Propel Opinion: There are many in the sector who remain sceptical about whether the government can ever be persuaded to reduce VAT. Nobody ever claimed the battle will be won quickly. But by making our argument over and over again the sector will convince more and more people that there is a fundamental unfairness here that allows supermarkets to subsidise cheap alcohol. This weekend’s Press coverage seems like a watershed moment – many national newspapers set out of the unfairness of this tax disparity. These newspapers also carried opinion pieces on the subject.
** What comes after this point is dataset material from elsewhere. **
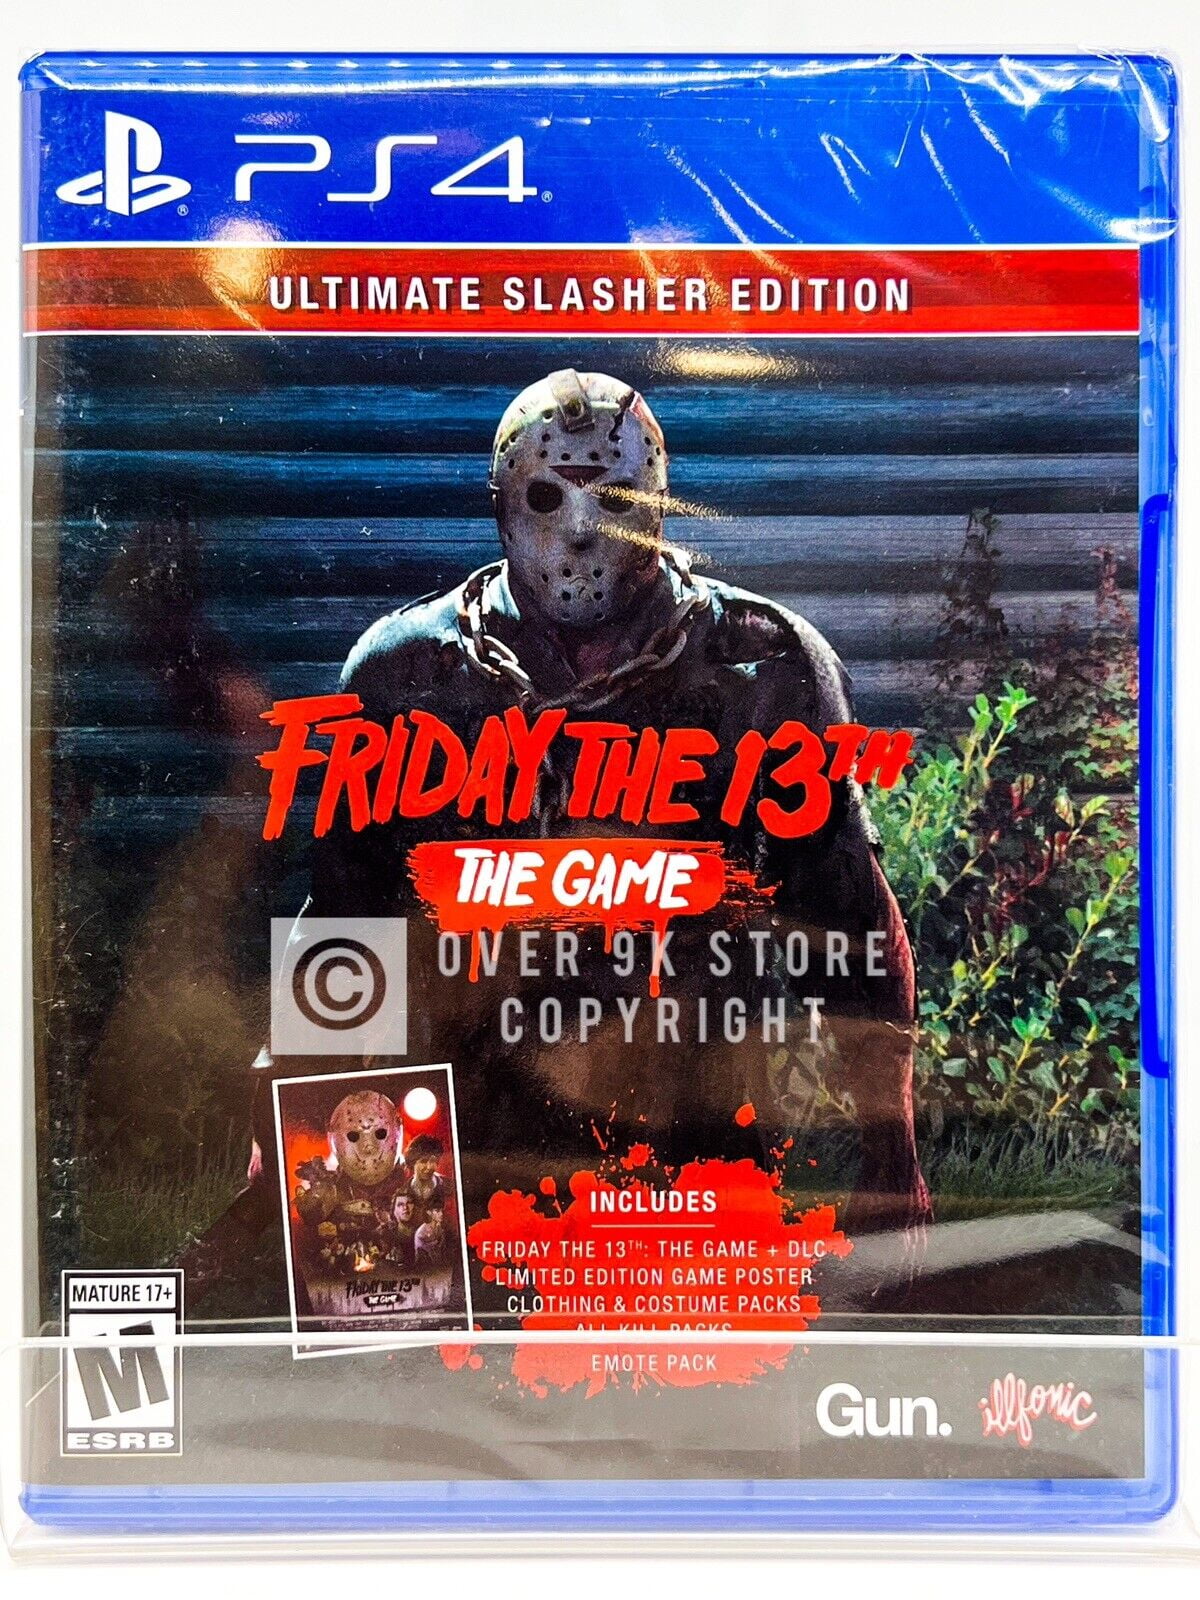 Friday the 13th: The Game Ultimate Slasher Edition - Nintendo

It is significant that no newspaper could find any kind of flaw in the logic of the sector’s argument on this.

Five things worth knowing from the JD Wetherspoon results on Friday:

Rent reviews are resulting in nil increases: Chief executive John Hutson reported that the majority of its five-yearly rent reviews are resulting in nil increases. Wetherspoon’s leases provide five-year periods of flat rent with a review that has, historically, meant increases to catch up with inflation. Nil rent increases mean the company’s rent bill is reducing in real terms. Hutson said: “Generally, rents have gone up by more than inflation (in the past) – that hasn’t happened in the last few years.” The flat rent environment is a result of a lack of demand for sites from competitors, Hutson said. “There’s no demand for sites from people doing what we are doing,” he said.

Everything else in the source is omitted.